Hey many thanks for replying and your ideas here.
I also love Bach! About 5 or 6 years ago, in my mid 40’s I decided against all good sense to start learning to play the Cello for the first time. I’m still at that and of course the Bach suites are pieces I regularly do battle with. So it was inevitable I guess that I’d then start trying to play Bach on the guitar too, since it’s an instrument I’m a lot more familiar with, having played it since my teens. Mostly in rock/blues/metal bands though, so I don’t have a classical background. I only learned to read sheet music since I started to learn the Cello 
Regarding the sweeping - yes that’s something I’ve noticed that keeps ‘sneaking in’ on my attempts. I’m still trying to decide whether to go with that, and make it a deliberate part of my approach (and therefore work on making it more consistent) or fight against it and try to keep everything cross-picked. In my general playing I naturally veer towards the Yngwie style economy/legato style vs the Morse etc cross picking, but then I do like how it sounds.
It’s a conundrum!
Funnily enough I have similar issues with the cello - string changes are a thing there too and also the matter of interpretation - many of the most used scores for the cello suites have quite a bit of slurring in them, which makes them sound smooth but sometimes too smooth to my ear. When I listen to people doing more ‘period accurate’ versions they tend to slur less and use more bow strokes which gives the pieces more bite and rhythm which to me sounds better.

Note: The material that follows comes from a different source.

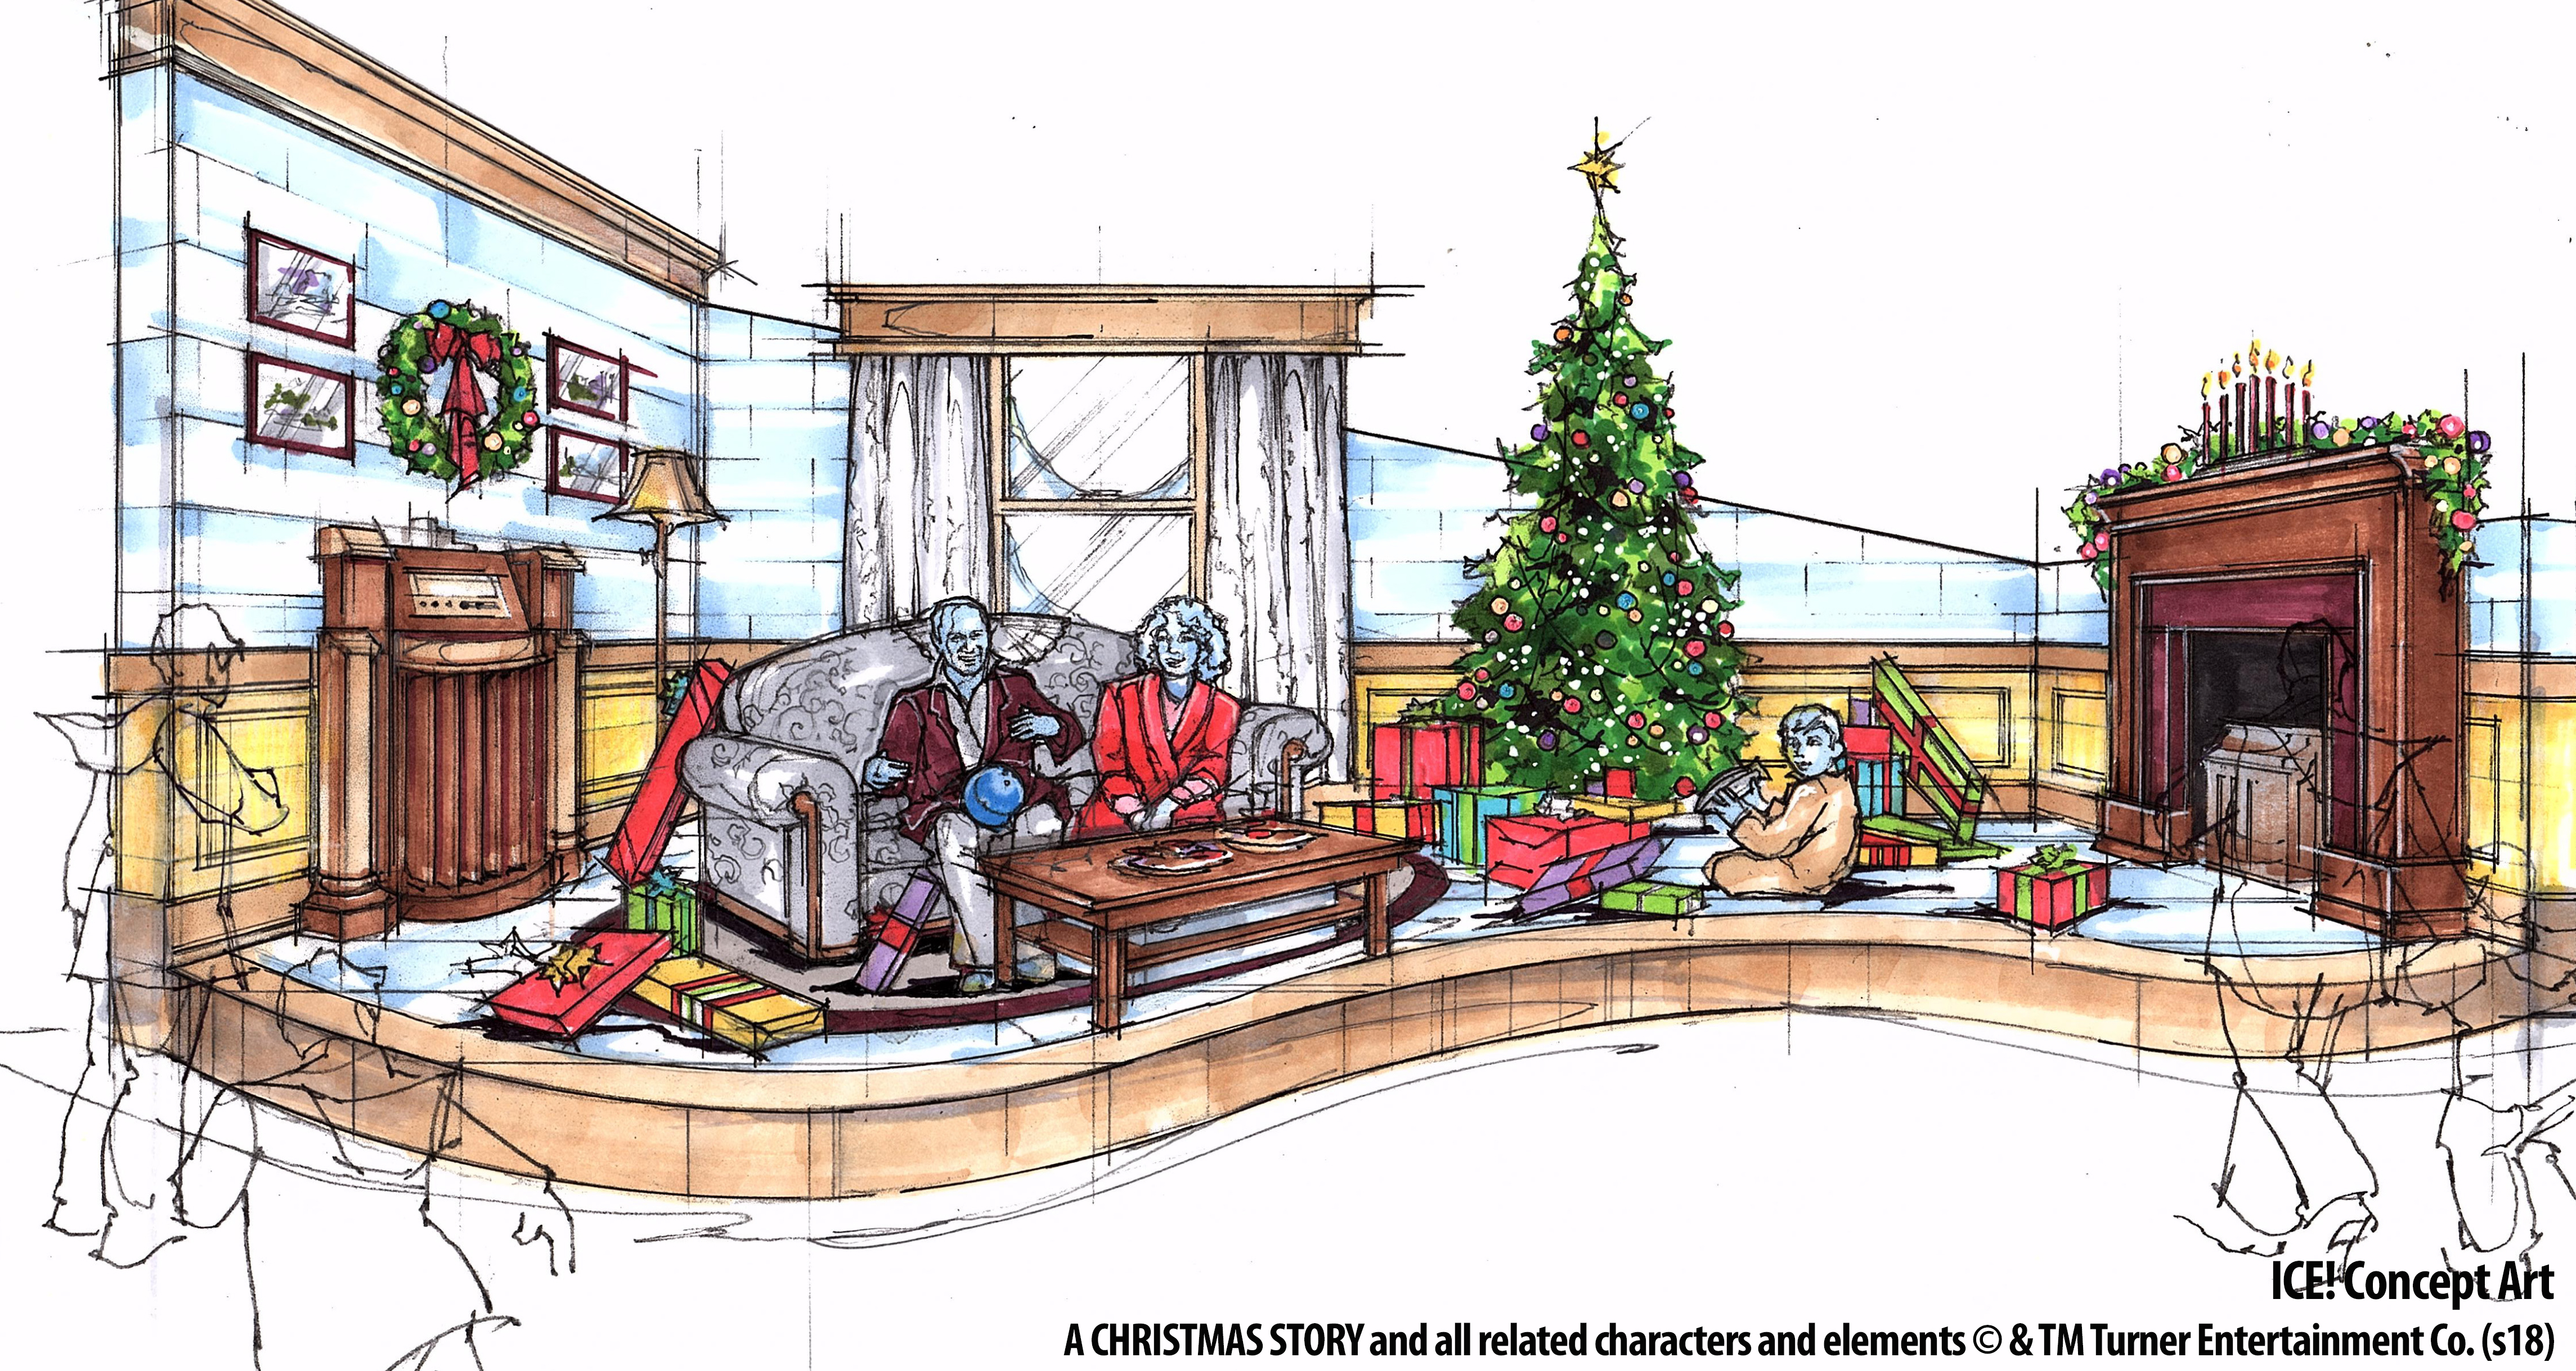 Christmas at Gaylord Palms 2018, Christmas Gaylord Palms, Gaylord Palms Orlando

I’ve read that Baroque music is ‘spoken not sung’ which I feel sums it up - some modern players smooth all of the edges off to where it sounds a lot more like romantic era stuff rather than baroque!
Of course I’m very much an amateur on the cello so I’d be happy if I could just play the pieces reasonably in tune and in time ha…
Anyway… I’m getting way off topic but it’s something I enjoy thinking and talking about 
As for the piece being a 2 year piece, that’s a great reminder indeed to slow down and take more time with it. I’ll do that, thank you!